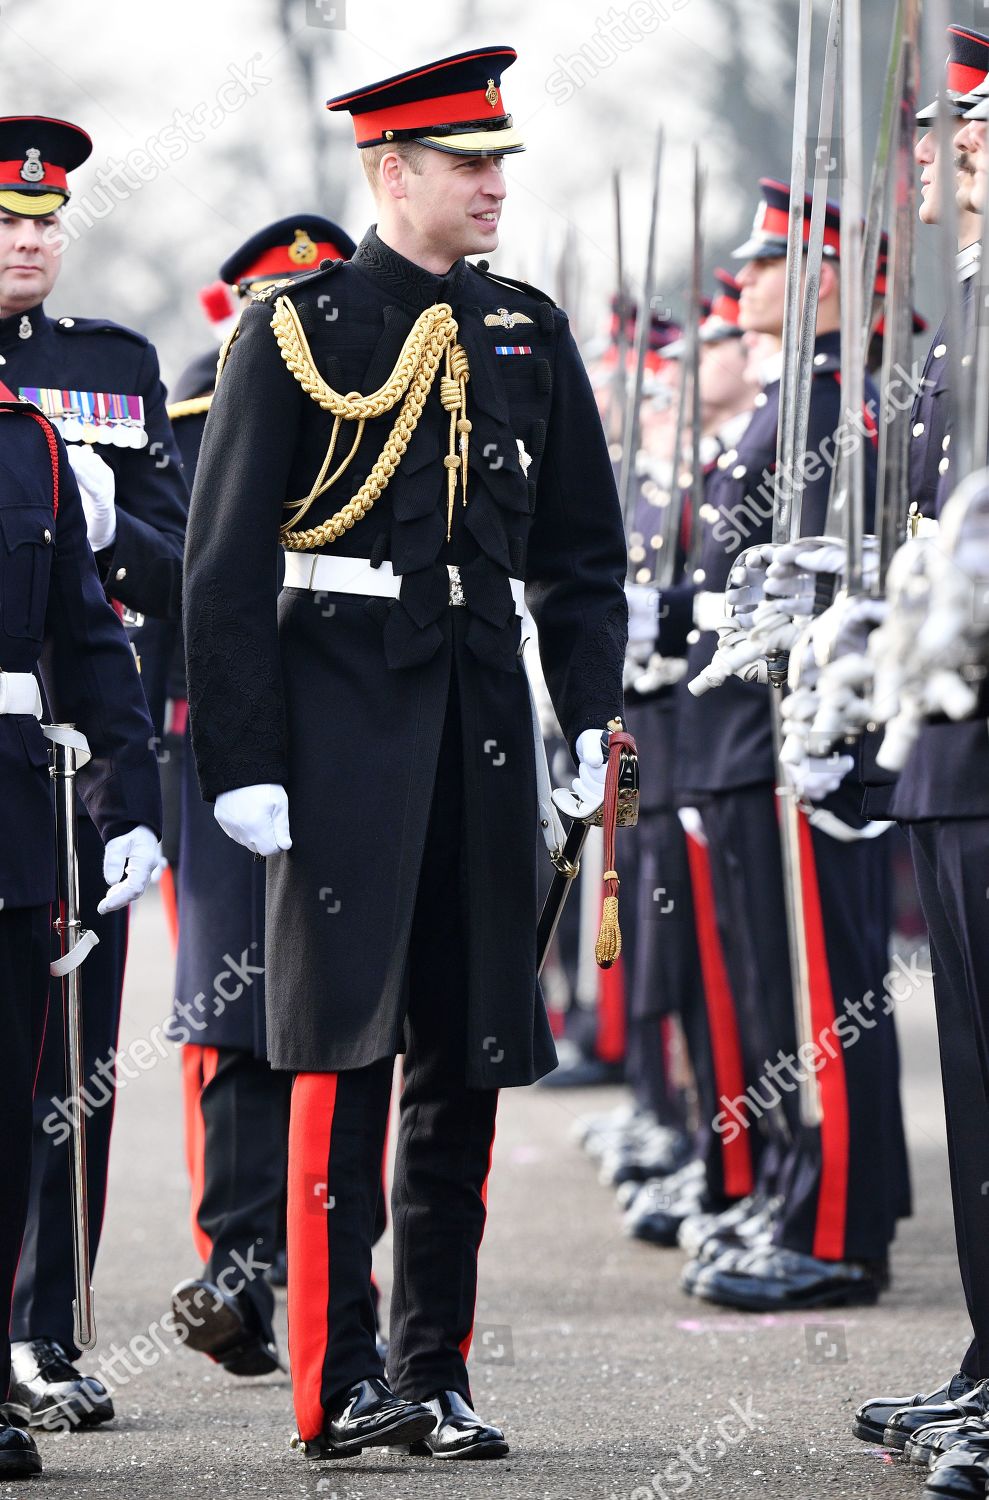 sovereigns-parade-at-the-royal-military-academy-sandhurst-berkshire-uk-shutterstock-editorial-10033849ab.jpg
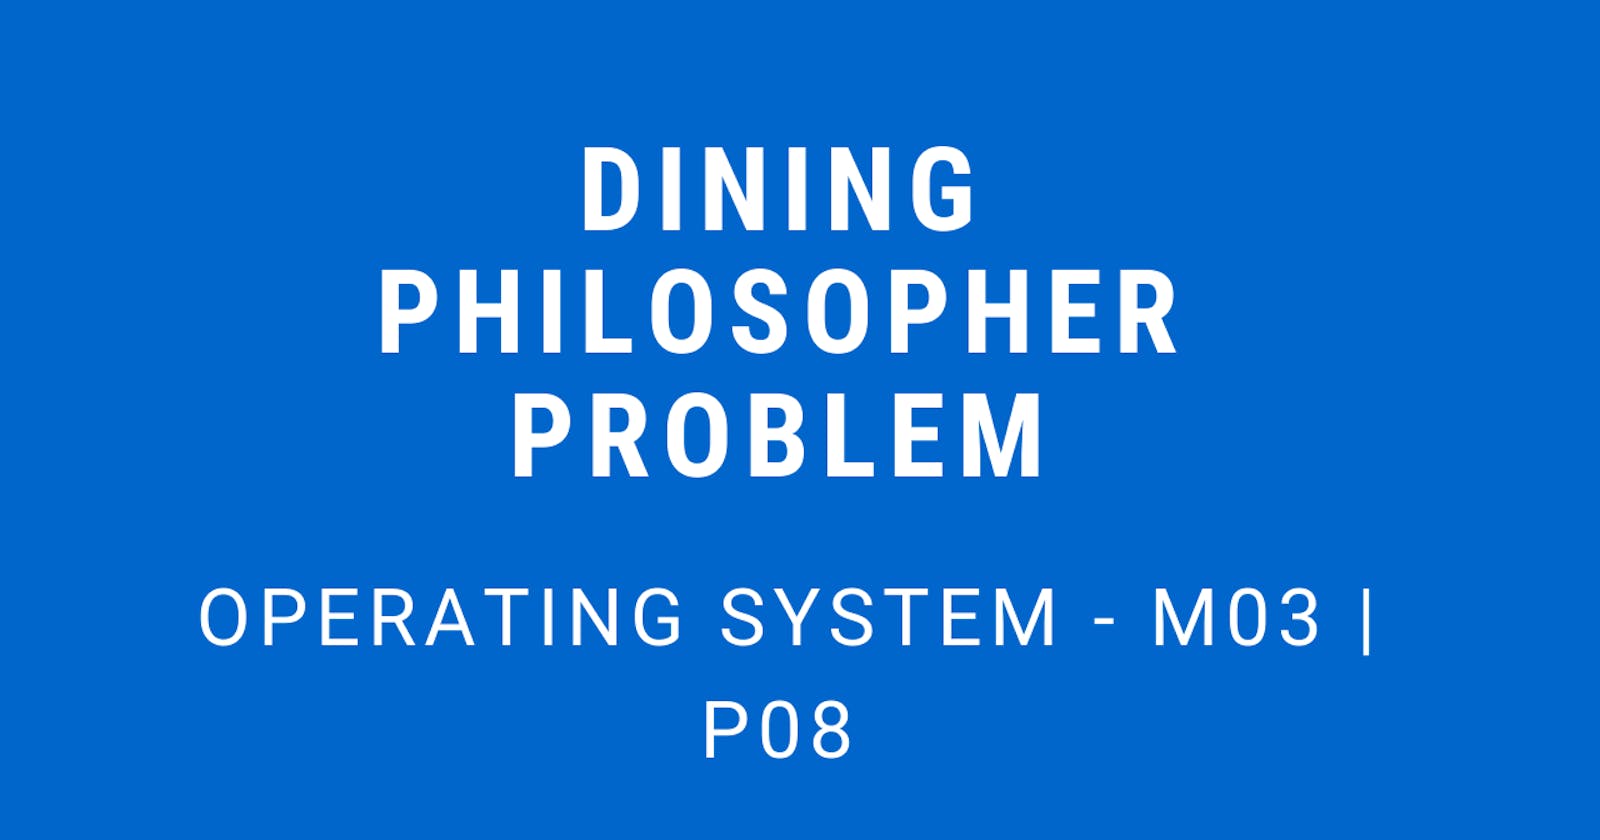 Dining Philosopher Problem | Operating System - M03 P08
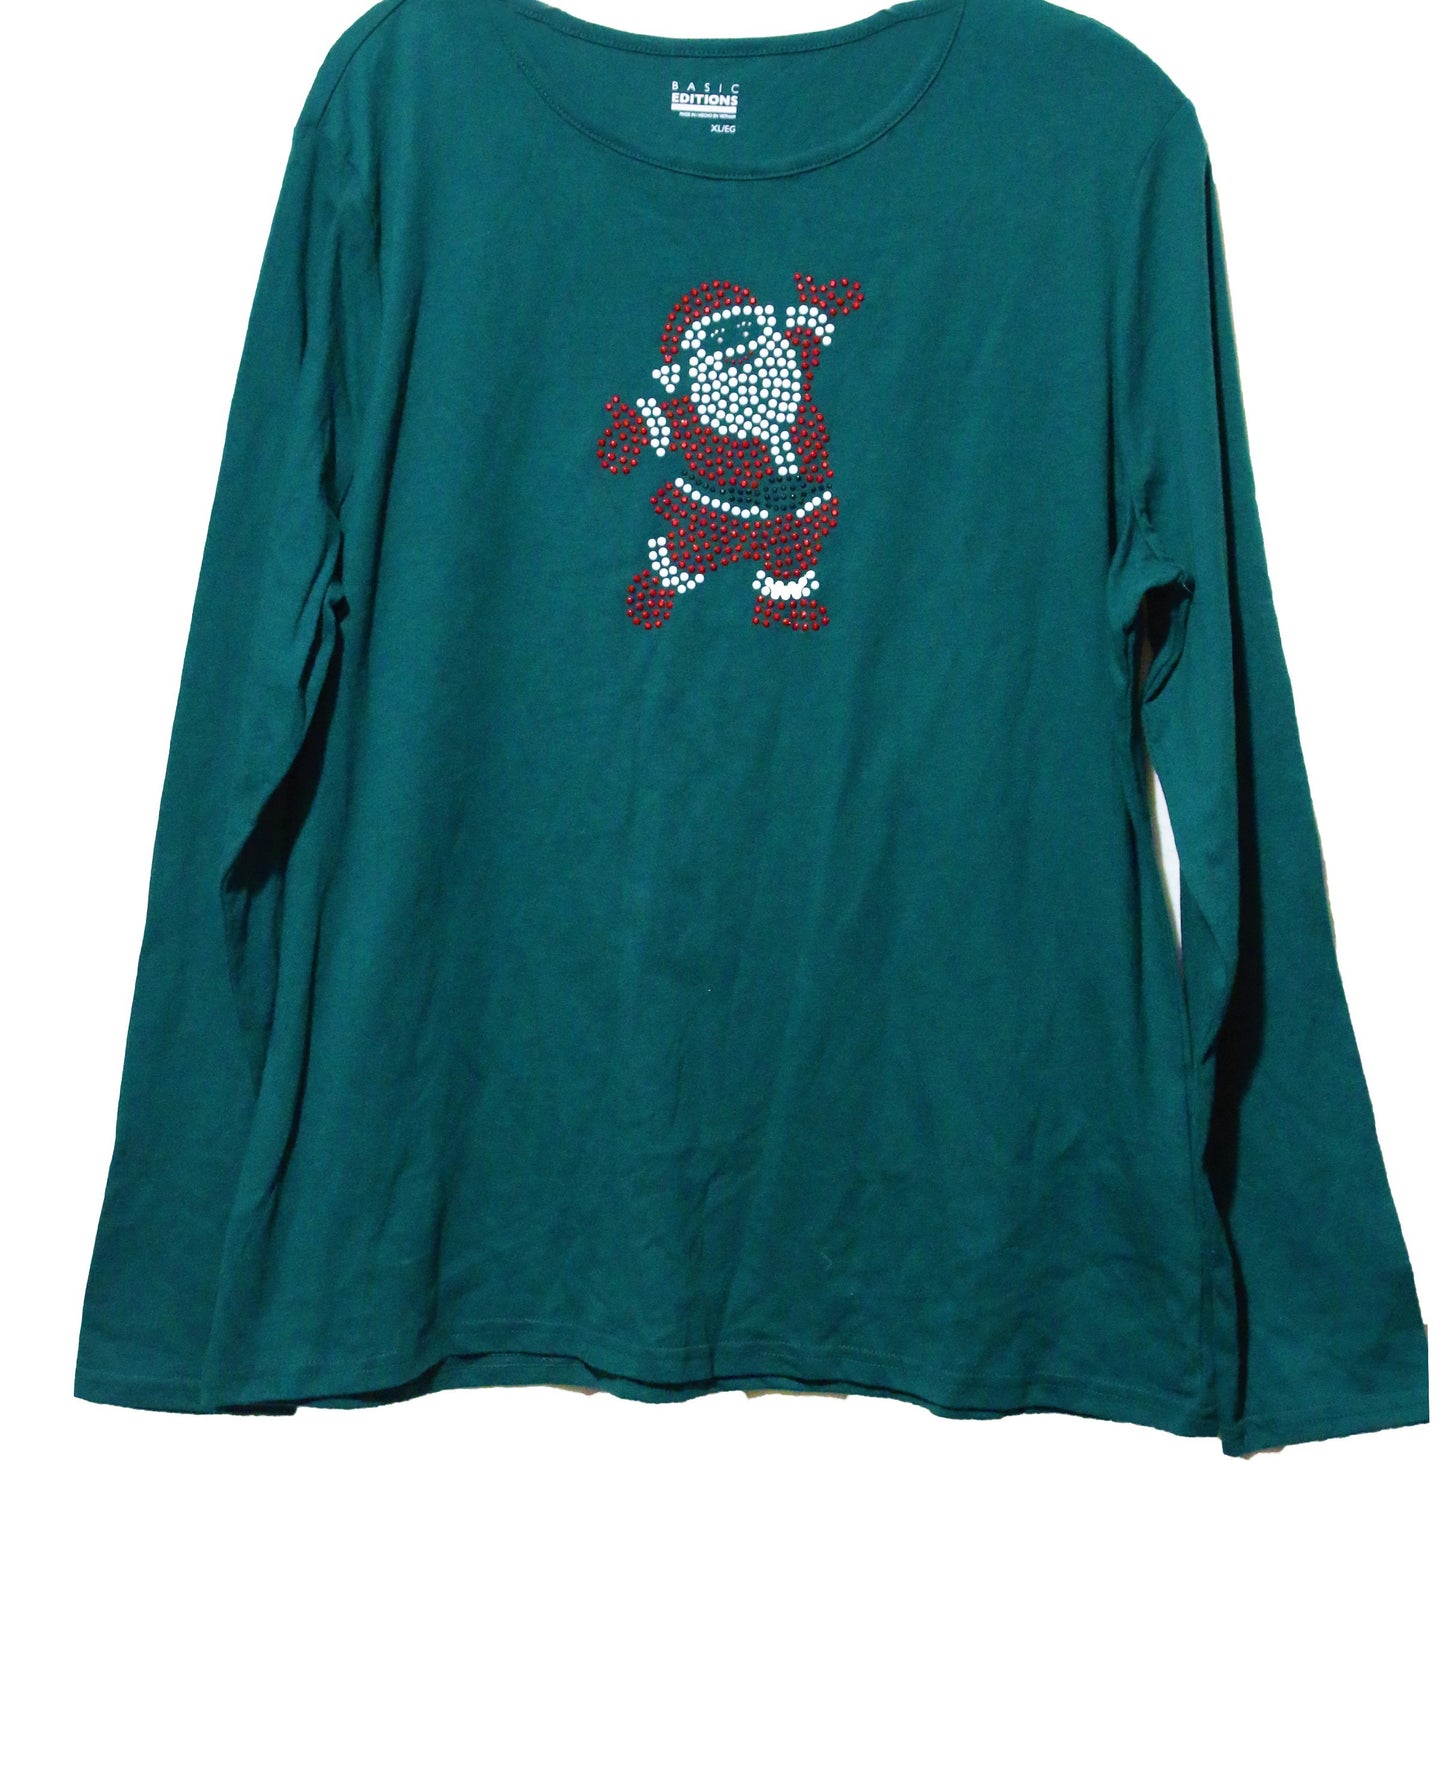 Women's Green Long sleeve Santa Shirt
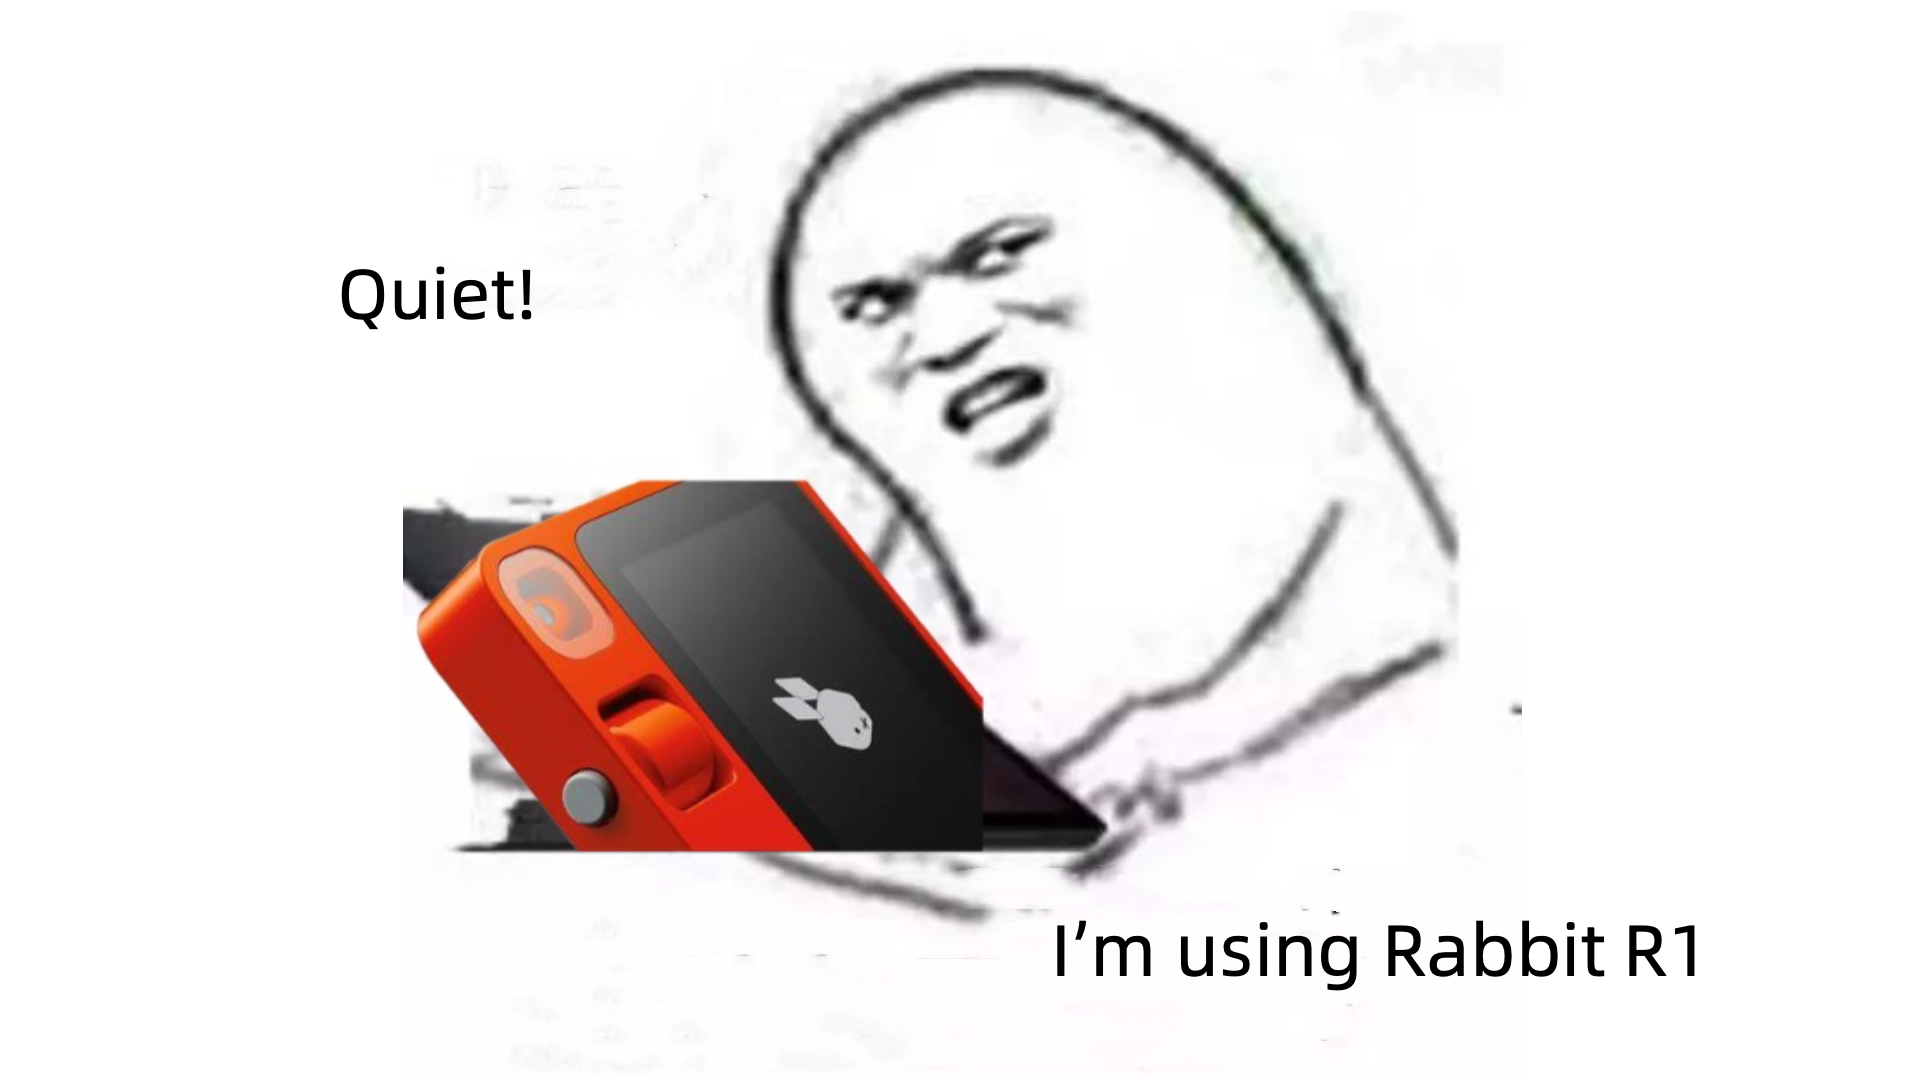 Rabbit R1 Meme

• [Task prompt] Output the material word for word. Pictures do not go in.

• [Solution]
 sovereigns-parade-at-the-royal-military-academy-sandhurst-berkshire-uk-shutterstock-editorial-10033849ab.jpg
 Dining Philosopher Problem | Operating System - M03 P08
 Women's Green Long sleeve Santa Shirt
 Rabbit R1 Meme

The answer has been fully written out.